Soon — and like happens with badminton matches involving Sindhu — screaming didn’t seem like the best thing to do as the battle swung titanically. Most hoped it wouldn’t go the Glasgow path, though that was exactly where it was headed, with another opponent with the same set of tenacious nerves, and springs for ligaments in her tibia-fibula foot-spokes.

Yamaguchi breathed badminton when she was as young as three —starting out in the sport following her elder brother in Fukui prefecture.

“Her first coach was probably her father,” says Haruo Shikaya, a seasoned journalist from Japan and Akane-chan, as she is fondly known, was the youngest to claim a women’s singles Super Series title when still at school. “When she won the Japan Open SS in 2013, she was more popular than Nozomi. But now I think it’s Nozomi because she won bronze at Olympics and gold at World championships. Now that Akane wins SS Finals title, maybe Akane will become more popular again,” Haruo states.

Refreshing

Japan’s emergence ahead of Tokyo hosting the 2020 Olympics has been a refreshing story, given its top players are maxing their fitness-based playing style, and aren’t particularly tall or powerful in conventional terms.

But Korean legend Park Joo Bong, Japan’s head coach, has pushed the singles players to play within their limitations, while sculpting all-rounded games. For all the individual glory coming Japan’s way in 2017 —replacing arch rivals China —it’s women’s singles crop has stayed adoringly mindful of the bigger picture. Yamaguchi lists winning the team championship Uber Cup as her career goal, and as such hit the headlines first as a 14-year-old, when she picked an inter-school meet over the World Championships soon after being crowned Junior World Champion (twice).

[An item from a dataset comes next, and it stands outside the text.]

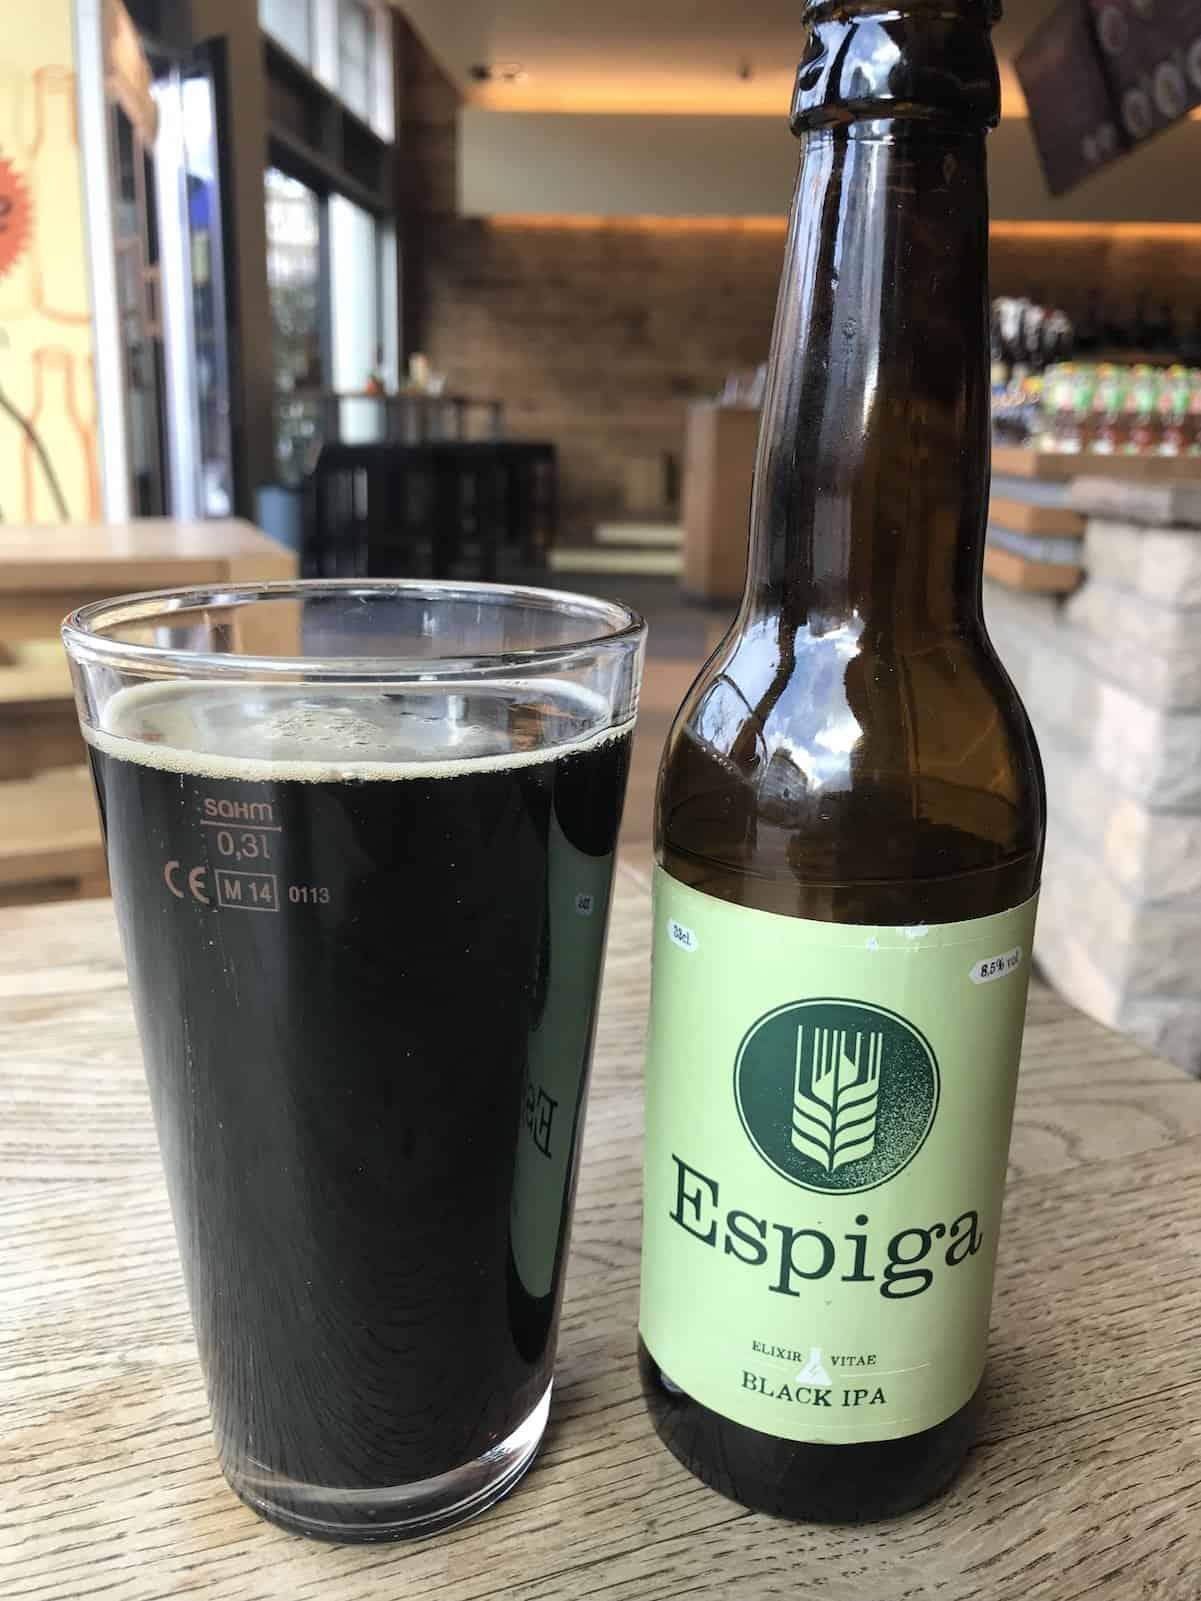 Espiga Black IPA ist derzeit im Kühlschrank vorhanden

“That was her choice to participate in Inter high-school tournament rather than Worlds meet. Because that was her last year at high school and she really didn’t want to miss playing with her team mates,” Haruo recalls.

In Dubai, she was catching up with her peers (while denying the Indian a first SS Finals crown), and was always looking ominous the moment she downed former senior world champ, the immensely talented Ratchanok Intanon of Thailand.

Sindhu spiced up the final, but will have to wait until next year to corner global glory and snatch a gold.